7. The display device of claim 1, wherein each of the pixels
comprises n sub-pixels, n is a positive integer, and both widths of
the first bright stripe and the first dark stripe are equal to the
positive integer n.
8. The display device of claim 1, wherein the at least one circuit
is a timing controller.
9. An image processing method for a display device comprising a
plurality of pixels, wherein each of the pixels comprises a
plurality of sub-pixels, each of the sub-pixels comprises a pixel
electrode and a portion of a common electrode, a frame period
comprises a first polarity period and a second polarity period, and
the image processing method comprises: maintaining a voltage of the
common electrode unchanged during the frame period, applying a
first dot inversion mode to the pixel electrodes of the sub-pixels
in the first polarity period, and applying a second dot inversion
mode to the pixels electrodes of the sub-pixels in the second
polarity period, wherein the first dot inversion mode is different
from the second dot inversion mode; determining if an input image
comprising a plurality of intensities has a first bright stripe and
a first dark stripe adjacent to each other, wherein each of the
intensities corresponds to one of the sub-pixels; and if
determining that the input image has the first bright stripe and
the first dark stripe adjacent to the each other, calculating an
absolute intensity difference between the first bright stripe and
the first dark stripe, and increasing the intensity of the
sub-pixel adjacent to the first dark stripe in the first bright
stripe according to the absolute intensity difference and a stripe
counter or increasing the intensity of the sub-pixel adjacent to
the first bright stripe in the first dark stripe according to the
absolute intensity difference and the stripe counter, wherein an
amplitude of an adjustment of the intensity of the sub-pixel
adjacent to the first dark stripe in the first bright stripe or an
adjustment of the intensity of the sub-pixel adjacent to the first
bright stripe in the first dark stripe is positively correlated to
the absolute intensity difference and the stripe counter, wherein
the input image comprises a first red sub-pixel, a first green
sub-pixel, a first blue sub-pixel, a second red sub-pixel, a second
green sub-pixel and second blue sub-pixel which are sequentially
disposed in a same row, and the step of determining if the input
image has the first bright stripe and the first dark stripe
adjacent to the each other comprises: (a) calculating a maximum red
value of the first red sub-pixel and the second red sub-pixel,
calculating a maximum green value of the first green sub-pixel and
the second green sub-pixel, calculating a maximum blue value of the
first blue sub-pixel and the second blue sub-pixel, calculating a
red absolute difference value between the first red sub-pixel and
the second red sub-pixel, calculating a green absolute difference
value between the first green sub-pixel and the second green
sub-pixel, and calculating a blue absolute difference value between
the first blue sub-pixel and the second blue sub-pixel; (b)

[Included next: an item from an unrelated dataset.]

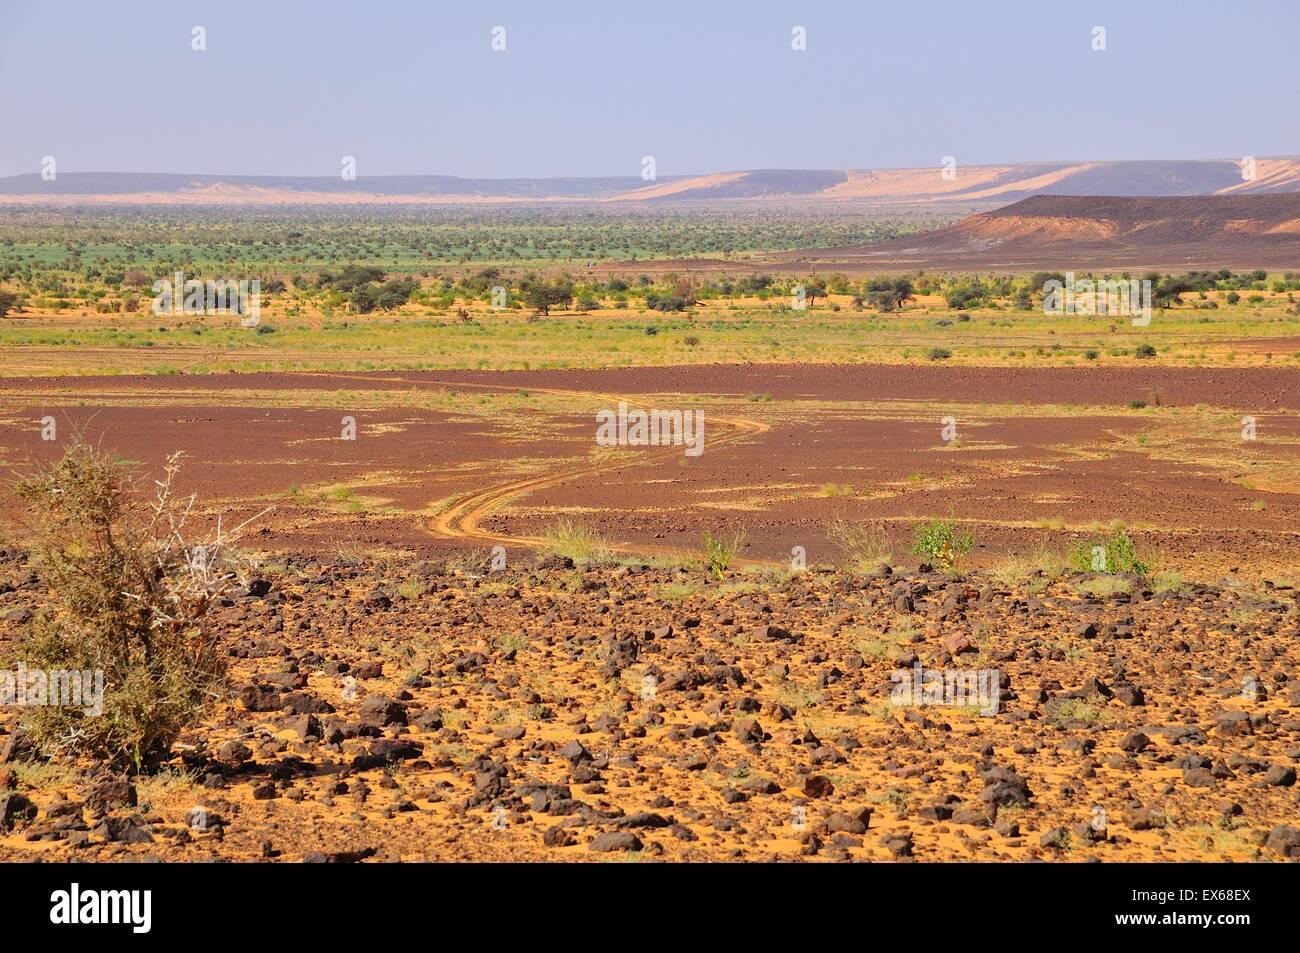 Desert landscape with tire tracks, route from Atar to Tidjikja, Adrar region, Mauritania - Stock Image

determining if a maximum of the maximum red value, the maximum
green value and the maximum blue value minus a minimum of the
maximum red value, the maximum green value and the maximum blue
value is less than or equal to a first threshold; (c) determining
if a maximum of the red absolute difference value, the green
absolute difference value and the blue absolute difference value
minus a minimum of the red absolute difference value, the green
absolute difference value and the blue absolute difference value is
less than or equal to a second threshold; and (d) increasing the
stripe counter is the step (b) and the step (c) are
affirmative.
10. The image processing method of claim 9, further comprising:
calculating a gain value according to the stripe counter; and
increasing the intensity of the sub-pixel adjacent to the first
dark stripe in first bright stripe according to the gain value, or
increasing the intensity of the sub-pixel adjacent to the first
bright stripe in the first dark stripe according to the gain
value.
11. The image processing method of claim 10, further comprising:
inputting the absolute intensity difference between the first
bright stripe and the first dark stripe to a lookup table to obtain
a shift value, and multiplying the shift value by the gain value to
obtain a modified shift value; and increasing the intensity of the
sub-pixel adjacent to the first dark stripe in first bright stripe
according to the modified shift value, or increasing the intensity
of the sub-pixel adjacent to the first bright stripe in the first
dark stripe according to the modified shift value.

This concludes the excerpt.